Swedish author, journalist and entrepreneur

Johan Jenny Ehrenberg (born 14 July 1957) is a Swedish author, journalist and entrepreneur. They are also managing director for ETC Utveckling, a company which produces the left-leaning magazine ETC. As a publisher they are associated with green- and feminist-oriented socialism and have written several books which criticize the growth-oriented capitalistic society, as well as globalisation and the banking industry.

In 1983, ETC published a story about Ehrenberg's gender transition to Jenny Ehrenberg, which received much attention.
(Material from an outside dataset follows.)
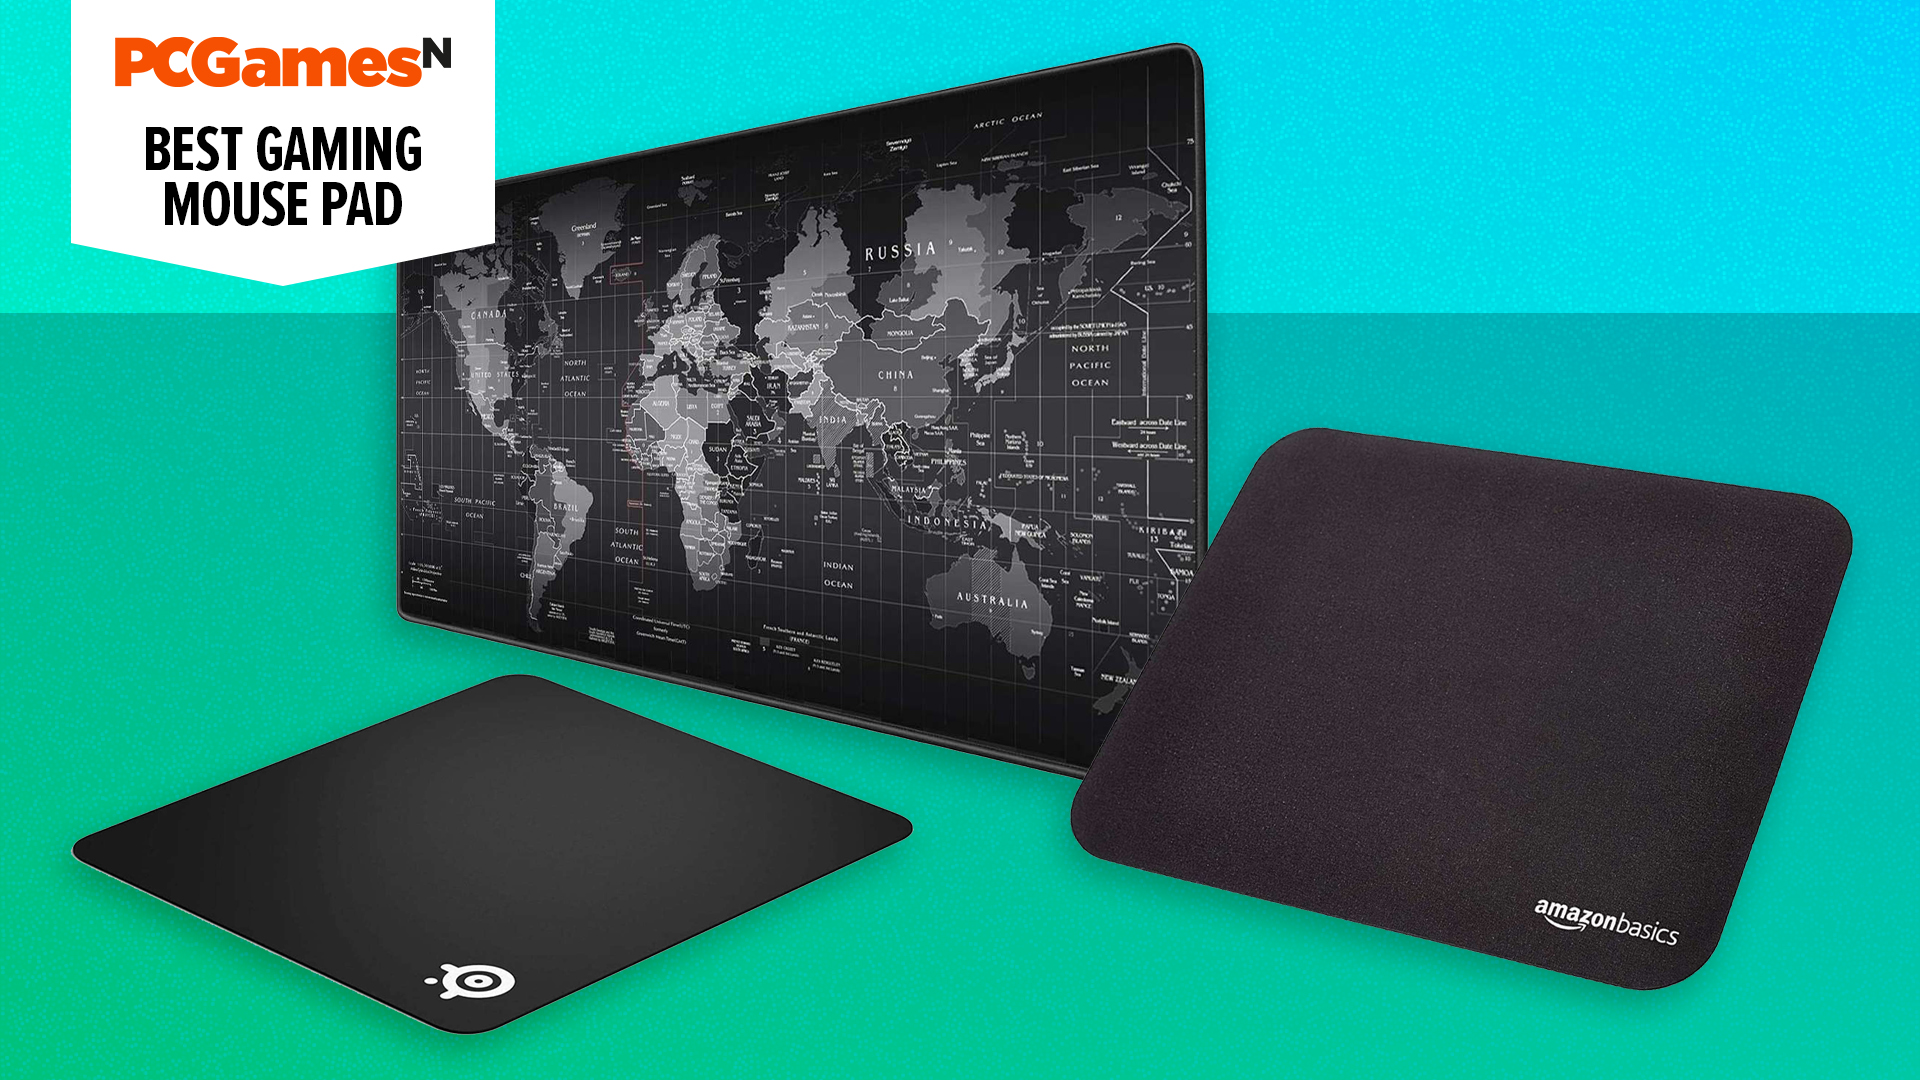 Mousepad sizes compared: What size mousepad do you need?

When it turned out that Ehrenberg had just dressed as a woman for 6 months to explore the role of gender in society, but had not gone through any surgical procedure or legal change of sex, other Swedish media and in particular the tabloids portrayed Ehrenberg and their story as a "fake". Ehrenberg came out as transgender again in 2023. They do not identify as a man or a woman, but simply as trans and third gender.

==Bibliography==
- Bara lite kärlek
- Löjliga familjen
- Pengar, makt och alla vi andra
- Mera pengar
- Globaliseringsmyten
- Socialismen, min vän
- Ekonomihandboken (with Sten Ljunggren)
- Stackars oss! : en bok om jättemycket mera demokrati
- Aileme – befrielsens tid
- Sagan om Bonusgrisen och Bläckfisken
- Nya Ekonomihandboken (with Sten Ljunggren)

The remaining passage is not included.